▶ [DATASET EXCERPTS]
=== Begin Enclosure ===
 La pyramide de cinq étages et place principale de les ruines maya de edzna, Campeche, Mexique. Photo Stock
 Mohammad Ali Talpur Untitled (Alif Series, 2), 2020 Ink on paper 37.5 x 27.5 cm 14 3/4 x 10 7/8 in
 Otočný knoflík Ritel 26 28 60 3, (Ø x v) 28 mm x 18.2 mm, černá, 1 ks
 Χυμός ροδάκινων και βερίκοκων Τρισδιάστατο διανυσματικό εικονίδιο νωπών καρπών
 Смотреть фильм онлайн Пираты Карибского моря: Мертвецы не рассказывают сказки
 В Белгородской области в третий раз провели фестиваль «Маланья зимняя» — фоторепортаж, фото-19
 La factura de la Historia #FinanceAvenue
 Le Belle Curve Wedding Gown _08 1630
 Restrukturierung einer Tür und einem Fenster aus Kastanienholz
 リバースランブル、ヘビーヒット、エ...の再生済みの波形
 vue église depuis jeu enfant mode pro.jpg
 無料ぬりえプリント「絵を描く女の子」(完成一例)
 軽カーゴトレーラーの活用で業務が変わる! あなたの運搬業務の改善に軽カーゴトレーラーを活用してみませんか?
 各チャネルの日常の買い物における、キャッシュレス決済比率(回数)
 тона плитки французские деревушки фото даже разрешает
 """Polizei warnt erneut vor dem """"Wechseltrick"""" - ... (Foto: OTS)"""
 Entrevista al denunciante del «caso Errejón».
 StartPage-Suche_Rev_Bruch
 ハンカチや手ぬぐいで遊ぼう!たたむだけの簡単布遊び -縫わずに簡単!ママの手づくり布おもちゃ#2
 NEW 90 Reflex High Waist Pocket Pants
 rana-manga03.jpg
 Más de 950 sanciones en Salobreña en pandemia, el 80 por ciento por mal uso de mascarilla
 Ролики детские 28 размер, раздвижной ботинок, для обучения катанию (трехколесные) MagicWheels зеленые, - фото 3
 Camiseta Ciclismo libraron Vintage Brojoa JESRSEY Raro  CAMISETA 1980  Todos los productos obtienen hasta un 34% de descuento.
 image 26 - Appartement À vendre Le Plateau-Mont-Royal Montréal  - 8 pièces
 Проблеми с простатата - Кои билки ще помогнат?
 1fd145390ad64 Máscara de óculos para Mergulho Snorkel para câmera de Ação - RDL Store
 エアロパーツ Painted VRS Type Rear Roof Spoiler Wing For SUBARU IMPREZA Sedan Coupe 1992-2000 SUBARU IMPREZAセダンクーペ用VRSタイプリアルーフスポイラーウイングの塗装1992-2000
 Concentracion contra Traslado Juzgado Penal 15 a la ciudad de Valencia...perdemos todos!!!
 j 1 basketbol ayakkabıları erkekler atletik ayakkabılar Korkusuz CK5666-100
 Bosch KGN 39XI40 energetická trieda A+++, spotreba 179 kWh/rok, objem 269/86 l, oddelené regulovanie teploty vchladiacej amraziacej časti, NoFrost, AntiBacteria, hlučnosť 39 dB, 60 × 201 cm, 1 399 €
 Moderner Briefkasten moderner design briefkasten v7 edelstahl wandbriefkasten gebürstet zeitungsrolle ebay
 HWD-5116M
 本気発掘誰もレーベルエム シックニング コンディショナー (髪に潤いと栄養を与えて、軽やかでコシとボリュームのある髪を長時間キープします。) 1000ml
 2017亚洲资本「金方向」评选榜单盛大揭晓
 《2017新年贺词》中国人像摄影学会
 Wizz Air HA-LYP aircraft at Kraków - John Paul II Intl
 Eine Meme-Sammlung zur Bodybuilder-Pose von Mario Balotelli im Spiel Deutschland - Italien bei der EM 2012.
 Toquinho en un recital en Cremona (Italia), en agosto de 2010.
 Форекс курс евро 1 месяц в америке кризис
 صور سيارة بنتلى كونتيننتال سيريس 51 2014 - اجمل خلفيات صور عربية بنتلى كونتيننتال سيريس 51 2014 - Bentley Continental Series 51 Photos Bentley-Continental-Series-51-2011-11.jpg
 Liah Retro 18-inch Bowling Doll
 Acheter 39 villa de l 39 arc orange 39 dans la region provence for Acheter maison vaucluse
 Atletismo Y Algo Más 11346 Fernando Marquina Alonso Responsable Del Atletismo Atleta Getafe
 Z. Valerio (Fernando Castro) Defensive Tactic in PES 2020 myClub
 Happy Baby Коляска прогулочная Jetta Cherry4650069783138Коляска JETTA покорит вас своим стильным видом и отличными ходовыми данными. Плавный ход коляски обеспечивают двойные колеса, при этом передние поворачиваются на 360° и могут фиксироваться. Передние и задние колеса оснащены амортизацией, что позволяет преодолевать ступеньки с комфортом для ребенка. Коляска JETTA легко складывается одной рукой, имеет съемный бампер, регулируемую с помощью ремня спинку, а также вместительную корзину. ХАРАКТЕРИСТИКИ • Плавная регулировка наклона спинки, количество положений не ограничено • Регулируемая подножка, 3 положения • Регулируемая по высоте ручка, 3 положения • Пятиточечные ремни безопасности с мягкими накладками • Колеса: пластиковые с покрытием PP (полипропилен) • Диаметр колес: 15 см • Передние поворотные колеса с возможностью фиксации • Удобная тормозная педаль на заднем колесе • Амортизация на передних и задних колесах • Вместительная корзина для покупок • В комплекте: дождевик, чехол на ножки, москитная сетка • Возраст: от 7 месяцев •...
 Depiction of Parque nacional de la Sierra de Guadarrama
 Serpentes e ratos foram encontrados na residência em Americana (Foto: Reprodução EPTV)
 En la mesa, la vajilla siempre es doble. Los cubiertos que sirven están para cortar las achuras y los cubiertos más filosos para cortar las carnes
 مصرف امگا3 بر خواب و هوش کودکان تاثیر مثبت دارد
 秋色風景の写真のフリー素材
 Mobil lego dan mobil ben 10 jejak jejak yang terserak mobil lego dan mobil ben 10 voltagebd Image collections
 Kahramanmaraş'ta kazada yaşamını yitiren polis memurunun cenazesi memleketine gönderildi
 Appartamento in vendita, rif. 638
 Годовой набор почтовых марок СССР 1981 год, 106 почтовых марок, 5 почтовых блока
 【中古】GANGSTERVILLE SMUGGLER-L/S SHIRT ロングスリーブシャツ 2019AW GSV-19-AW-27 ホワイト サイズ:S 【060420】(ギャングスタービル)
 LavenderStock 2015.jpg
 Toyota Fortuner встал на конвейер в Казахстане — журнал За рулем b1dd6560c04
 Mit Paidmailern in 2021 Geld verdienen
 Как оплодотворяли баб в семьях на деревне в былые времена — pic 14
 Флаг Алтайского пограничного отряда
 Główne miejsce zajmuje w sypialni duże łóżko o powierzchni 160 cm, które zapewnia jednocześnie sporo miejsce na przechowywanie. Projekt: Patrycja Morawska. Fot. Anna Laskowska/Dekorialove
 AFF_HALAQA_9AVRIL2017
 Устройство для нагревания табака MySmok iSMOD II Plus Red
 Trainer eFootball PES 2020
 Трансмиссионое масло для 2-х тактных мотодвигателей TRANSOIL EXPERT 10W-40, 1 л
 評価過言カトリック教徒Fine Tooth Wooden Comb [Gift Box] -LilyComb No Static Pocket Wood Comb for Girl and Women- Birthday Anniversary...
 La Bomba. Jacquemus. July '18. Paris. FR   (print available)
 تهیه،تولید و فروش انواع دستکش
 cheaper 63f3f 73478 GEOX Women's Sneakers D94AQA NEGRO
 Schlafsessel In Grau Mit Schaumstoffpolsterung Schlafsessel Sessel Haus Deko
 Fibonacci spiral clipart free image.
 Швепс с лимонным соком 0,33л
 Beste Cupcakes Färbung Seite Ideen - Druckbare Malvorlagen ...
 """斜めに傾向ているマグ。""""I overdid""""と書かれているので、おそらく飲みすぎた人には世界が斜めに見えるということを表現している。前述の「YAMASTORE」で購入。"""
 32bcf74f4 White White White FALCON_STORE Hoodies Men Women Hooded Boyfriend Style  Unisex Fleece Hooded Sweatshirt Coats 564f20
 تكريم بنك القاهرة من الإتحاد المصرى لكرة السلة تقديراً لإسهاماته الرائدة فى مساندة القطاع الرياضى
=== End Enclosure ===
▶ [PROBLEM TO SOLVE] For the listing above, give the number of lines that contain the string "para" and nothing else.

▶ [RESULT OF THE EXERCISE] 2